I also hear you Barb - I always wear my contacts when I go to try on new frames otherwise I would never be able to tell what they looked like on my face. Also, since glasses are so expensive you need to be practical and think what will still be 'in style' 2 or 4 years from the date you select them.

I currently have two pairs. I have a brown thicker rectangle lens type pair and another wire pair with no rims on the bottom. I alternate between the two pairs based on what I am wearing and how I feel (librarian/lawyerly or normal). I haven't bought frames in 3 years so in the next 1-2 years I will be due (my prescription hasn't changed as of yet). I dread the day so much!


----------



## CeeCee's Mom (Sep 14, 2006)

I order my frames from California........there is no selection here in my small town. I ask my eye doctor if he could get the frames that I like in.....he said to me, there would be only one sale for these and it would be you! I gave up. I go in and get my eyes tested and order the lenses from him and give them my frames. I have been doing this for years because of the selection here.


----------



## silverhaven (Sep 6, 2009)

I am with you... I don't find it easy either. I had mine tested about a month ago but haven't chosen my frames yet. I think I like the barely there frames the most. The silhoutte or the like, as light as possible.


----------



## angelgirl599 (Apr 8, 2009)

Agree with everyone else! I've had to wear glasses since I was four! 
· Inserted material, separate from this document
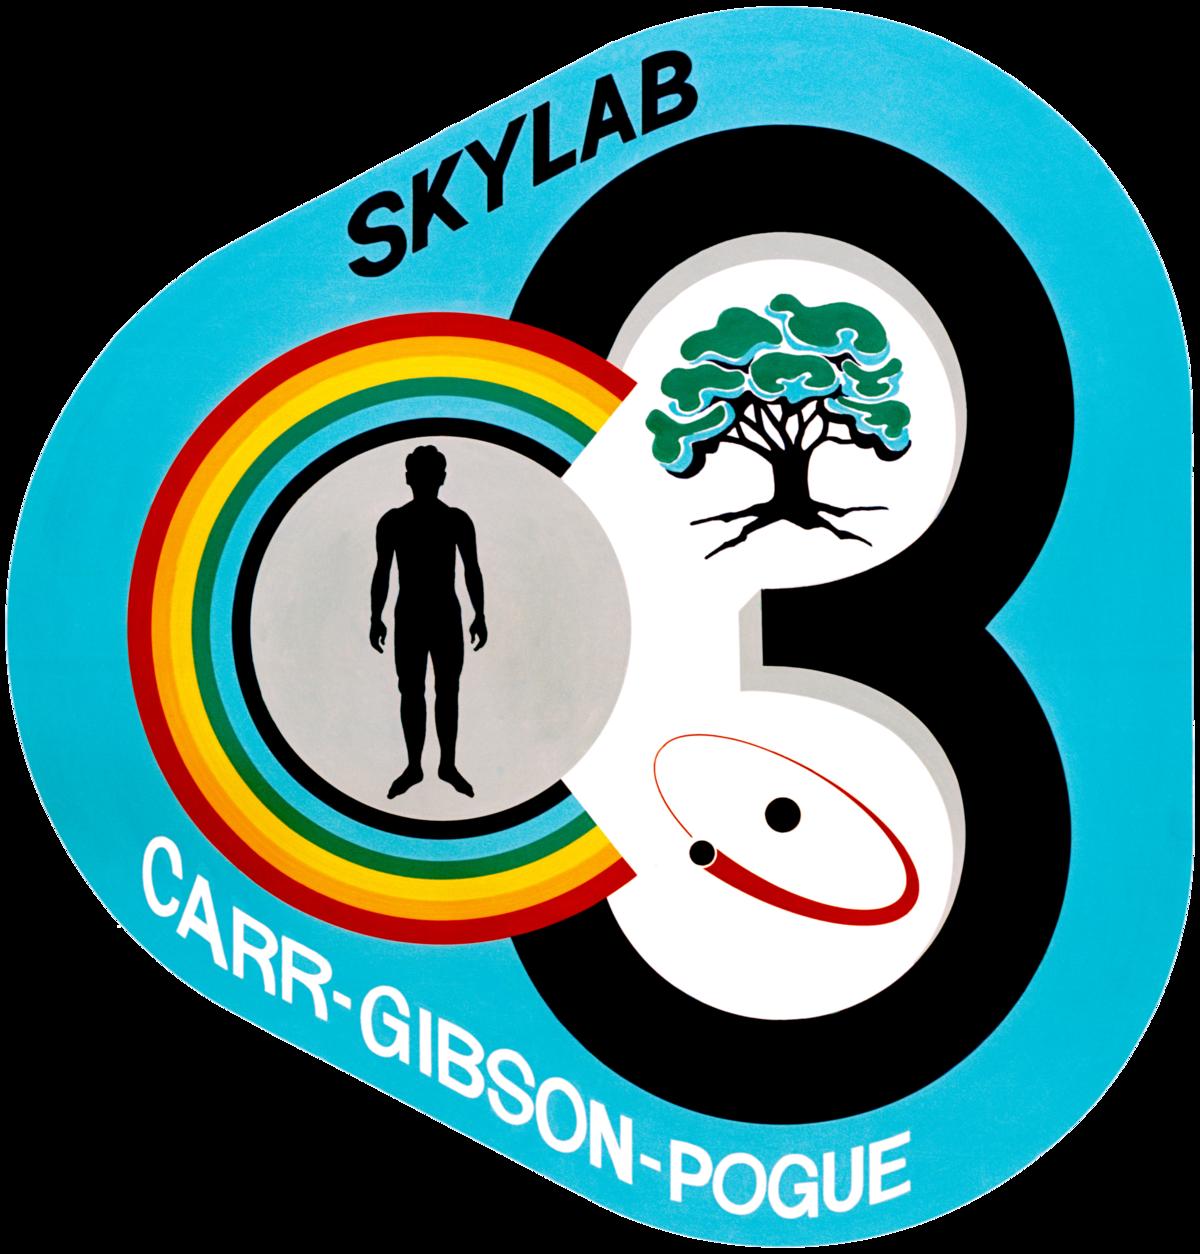 Skylab 4 - Wikipedia, la enciclopedia libre
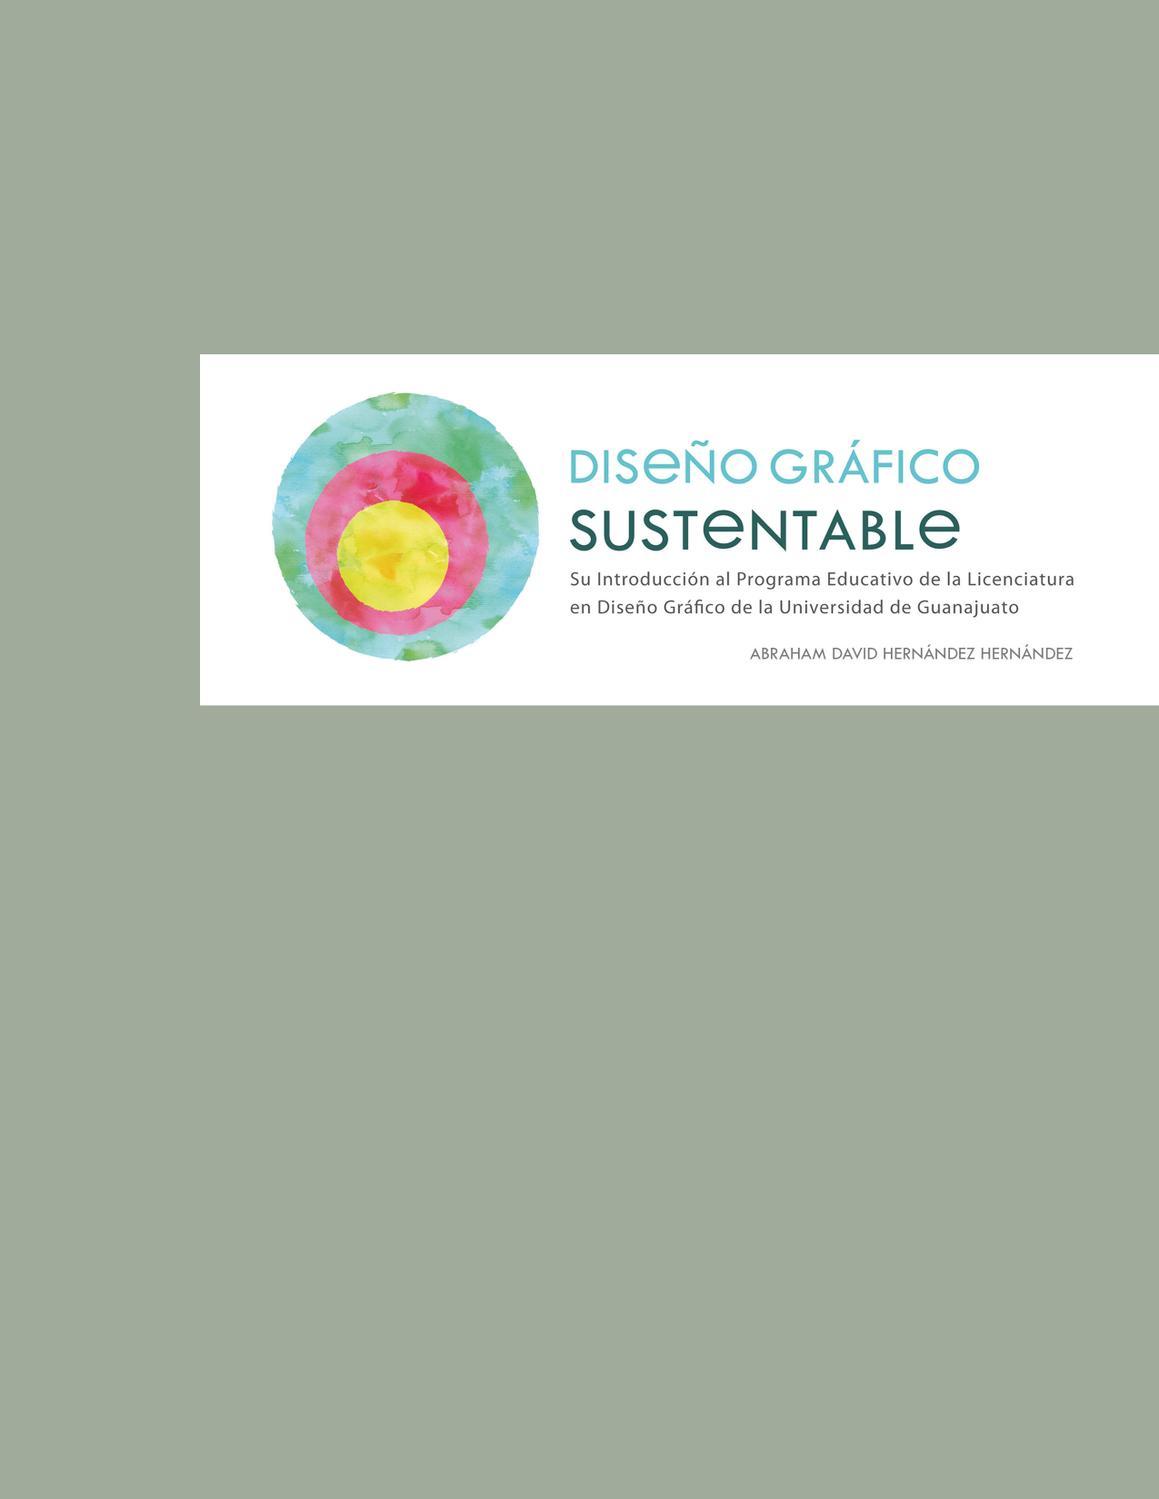 Issuu tesis dise o gr fico sustentable by abraham hdez for Diseno grafico universidades

But I did want to say that having your prescription lowered is awesome! My grandma (who is going onto 92 years old in December) used to wear glasses like me! Then in her 60s, her eyes got gradually better to the point where she doesn't need them anymore. I get a kick out of telling people that my 90+ year old grandma has better vision than me.


----------



## mysugarbears (Aug 13, 2007)

Oh i hate shopping for eyeglasses and hate getting my eyes examined. Well i knew it was time to get my eyes examined, but now i know it's really time. When i first read the title of the thread i thought it said "hate shopping for new eyelashes" and reread it and realized it was eyeglasses and not eyelashes.:HistericalSmiley::smilie_tischkante: I was trying to figure out why you would be shopping for new eyelashes and thought that you may be buying eyelashes for your car. :blush: Can you believe that people are buying eyelashes for their cars? Eyelashes for your Car Well i'm going to make my appointment tomorrow. :HistericalSmiley:


----------



## Maidto2Maltese (Oct 19, 2004)

mysugarbears said:


> Oh i hate shopping for eyeglasses and hate getting my eyes examined. Well i knew it was time to get my eyes examined, but now i know it's really time. When i first read the title of the thread i thought it said "hate shopping for new eyelashes" and reread it and realized it was eyeglasses and not eyelashes.:HistericalSmiley::smilie_tischkante: I was trying to figure out why you would be shopping for new eyelashes and thought that you may be buying eyelashes for your car. :blush: Can you believe that people are buying eyelashes for their cars? Eyelashes for your Car Well i'm going to make my appointment tomorrow. :HistericalSmiley:


LOL.. and when I read YOUR post I'm thinking WHY would she think I was buying eyelashes for my car then read on and found there really IS such a thing !!...:HistericalSmiley: now I've 'seen' everything!!! and didn't even need glasses LOL


----------



## Maidto2Maltese (Oct 19, 2004)

angelgirl599 said:


> Agree with everyone else! I've had to wear glasses since I was four!
> 
> But I did want to say that having your prescription lowered is awesome! My grandma (who is going onto 92 years old in December) used to wear glasses like me! Then in her 60s, her eyes got gradually better to the point where she doesn't need them anymore. I get a kick out of telling people that my 90+ year old grandma has better vision than me.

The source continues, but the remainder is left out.